プリキス!!
「「初伊?!」」
案の定、顔色を変えて二人が来た。
「何やってるの?!大丈夫?!」
「怪我はないか?!」
すっごい心配されてるのが分かる。
お尻で滑り落ちました、なんて恥ずかしくて言えない。
「えーと……私は大丈夫。」
「頭を打ったの?!」
「病院に行こう。」
テンパると弱い。
そういう特徴を持つ烏丸姉弟は、あわあわしている。
いや、本当に大丈夫なんです。
お尻が少し青くなっただけです、きっと。
「二人とも、本当に大丈夫。
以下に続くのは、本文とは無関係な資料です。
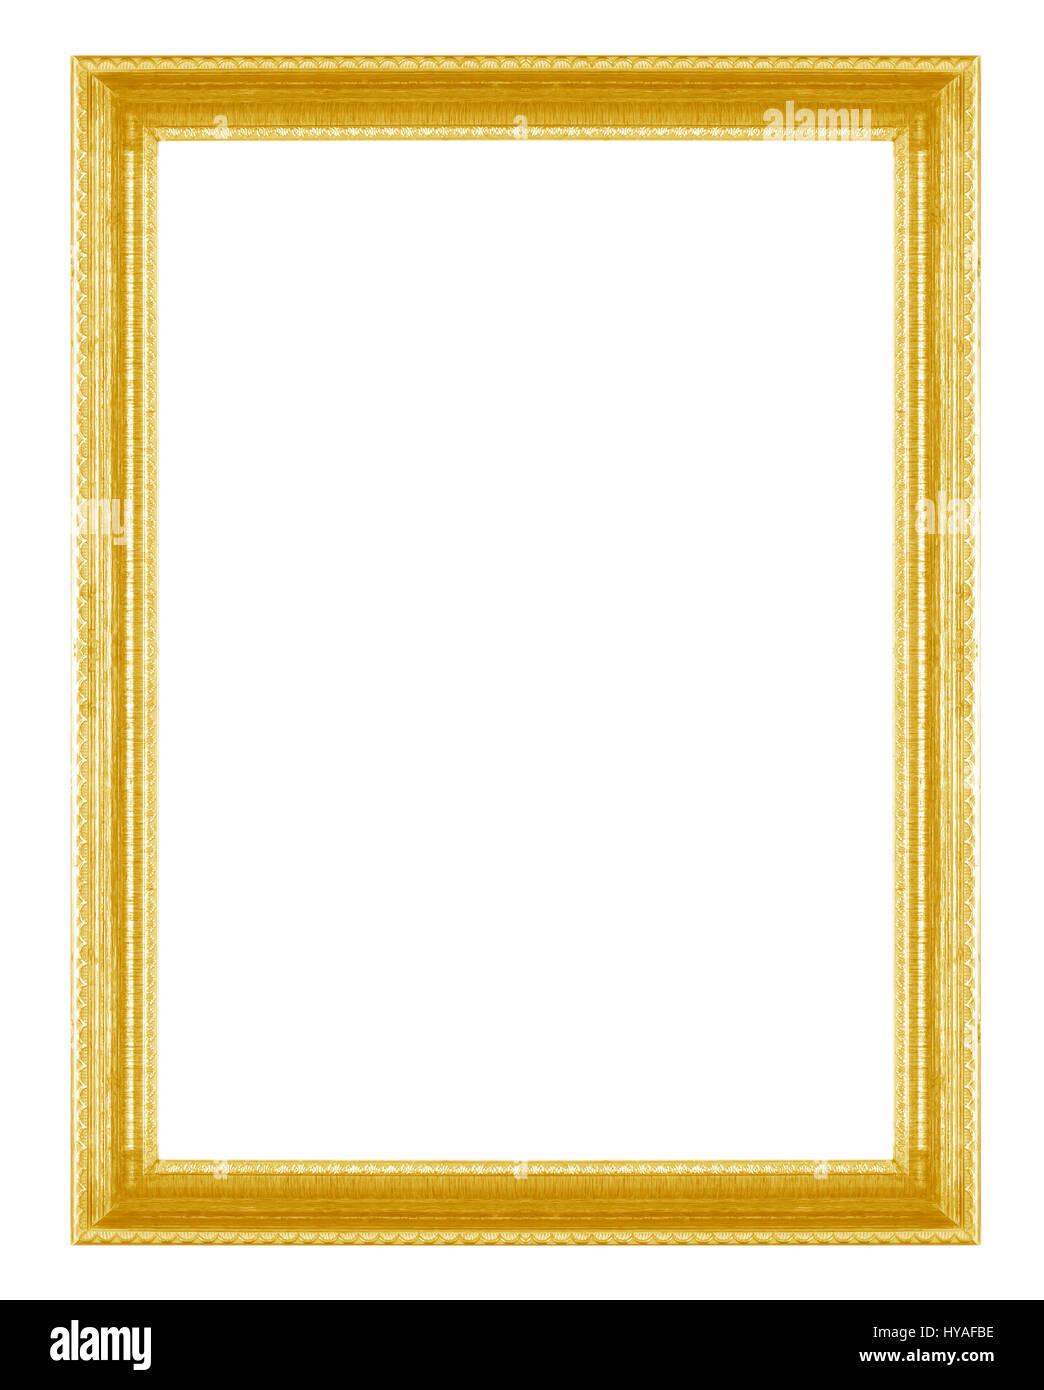 Gold Photo Stockfotos & Gold Photo Bilder - Seite 3 - Alamy
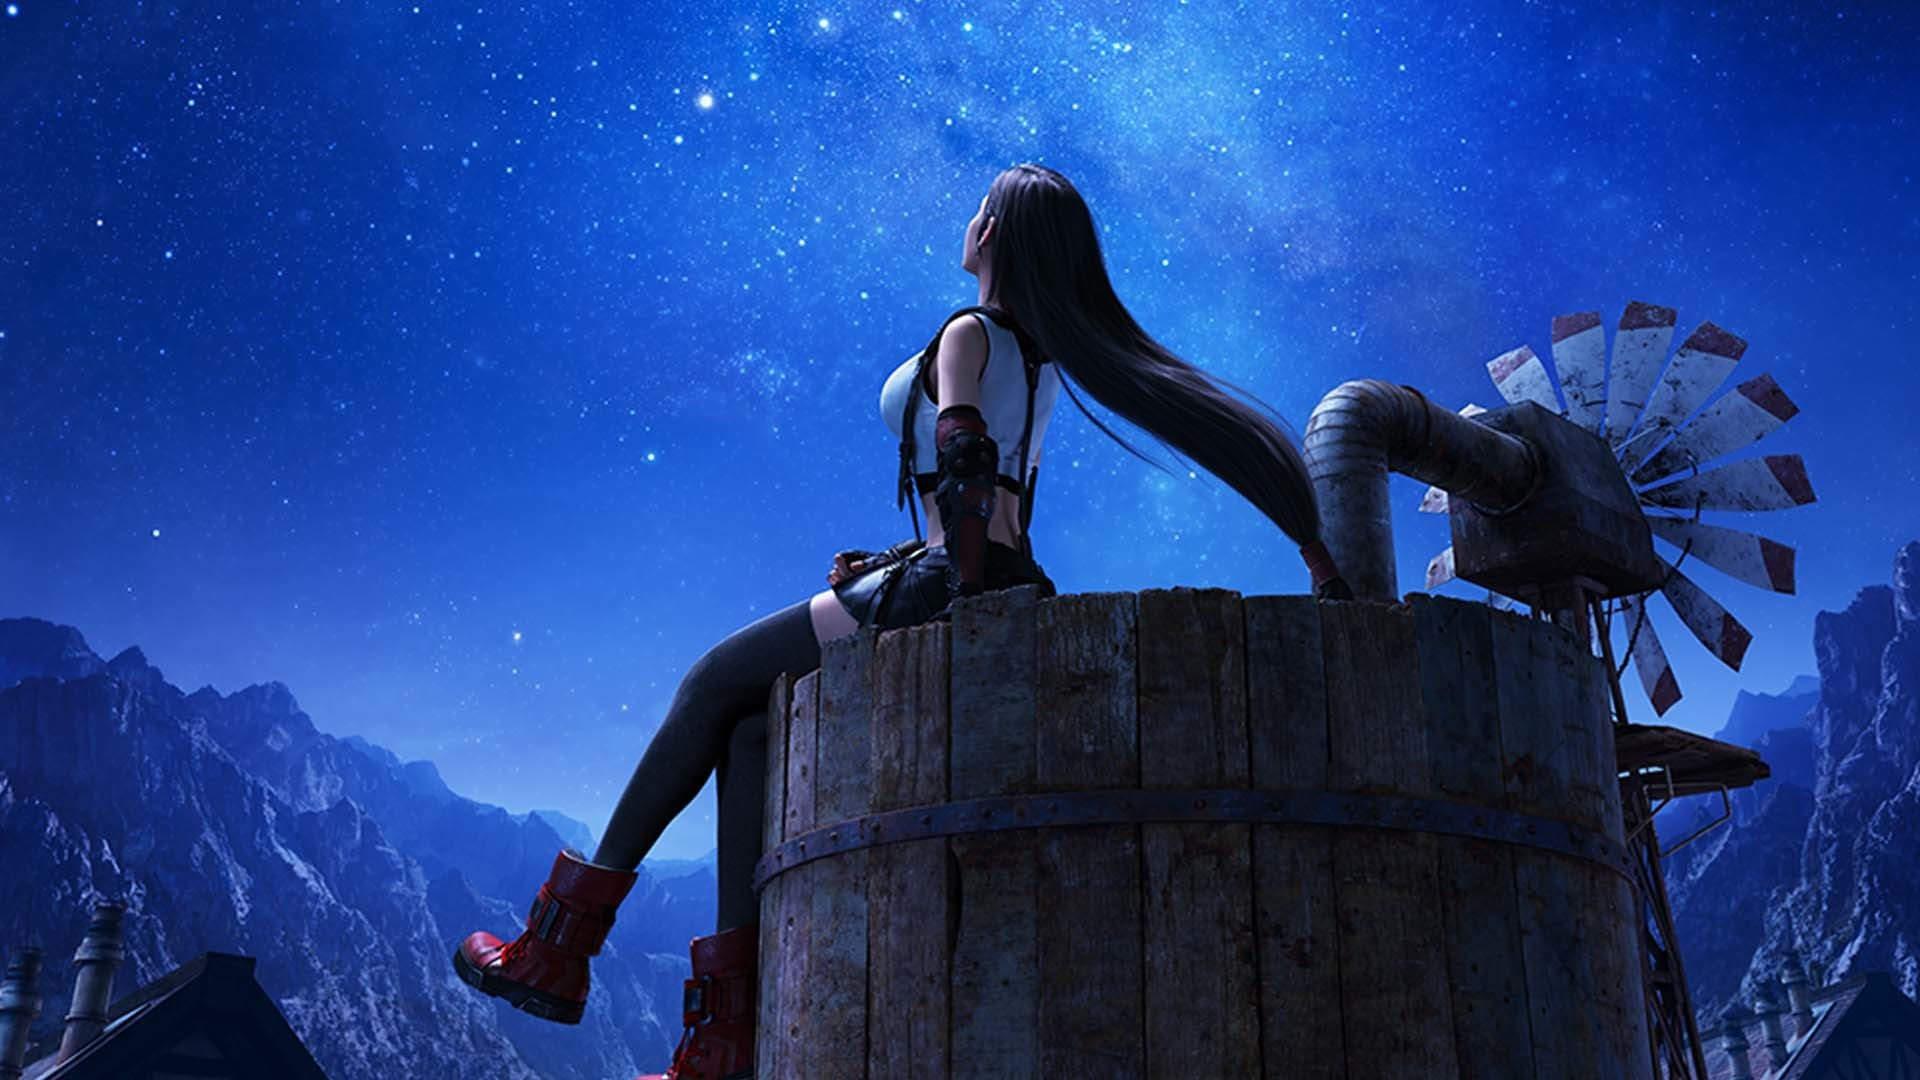 Final Fantasy 7 Remake : un quatrième making-of sur la musique et les effets sonores

……話を聞こうとして、滑り落ちただけだから。ごめんなさい。」
そう言えば、本当に大丈夫なのね?とお姉ちゃんは釘を刺し。
頭は打ってないな?とお兄ちゃんが再度聞く。
大丈夫、と言えば二人はほっとした表情になって。
不謹慎だけど、行動パターンが同じすぎて、二人は姉弟だなぁと改めて実感した瞬間だった。
それにしても。
こういう……三人で仲良く(といえるかは謎だけど)話すのは本当に久しぶり。
「嬉しいなぁ……。」
ほぼ無意識に呟いていたみたい。
私のそれを聞くとお兄ちゃんは微笑んで。
お姉ちゃんはちょっと拗ねた顔をしてからこう言った。
「仕方ないから部屋を返してあげる。……せいぜい埃だらけの部屋でくしゃみが止まらなくなって苦しみなさい。」
それはお兄ちゃんが家に戻るのを許したということ。
ていうかお姉ちゃん、素直じゃないよ。
いっつもお兄ちゃんの部屋、掃除してたの知ってるんだから。
お帰りなさい、お兄ちゃん。
ようやく一年ぶりに全員揃った。
家中にポッと暖かい光が灯ったような気がした。
「ところで……さっき破れた西のセーラー見たけれど……どうしたの?」
「「…………。」」
今日一日の事がバレて、お姉ちゃんに凄く怒られたのはご愛嬌……って事で。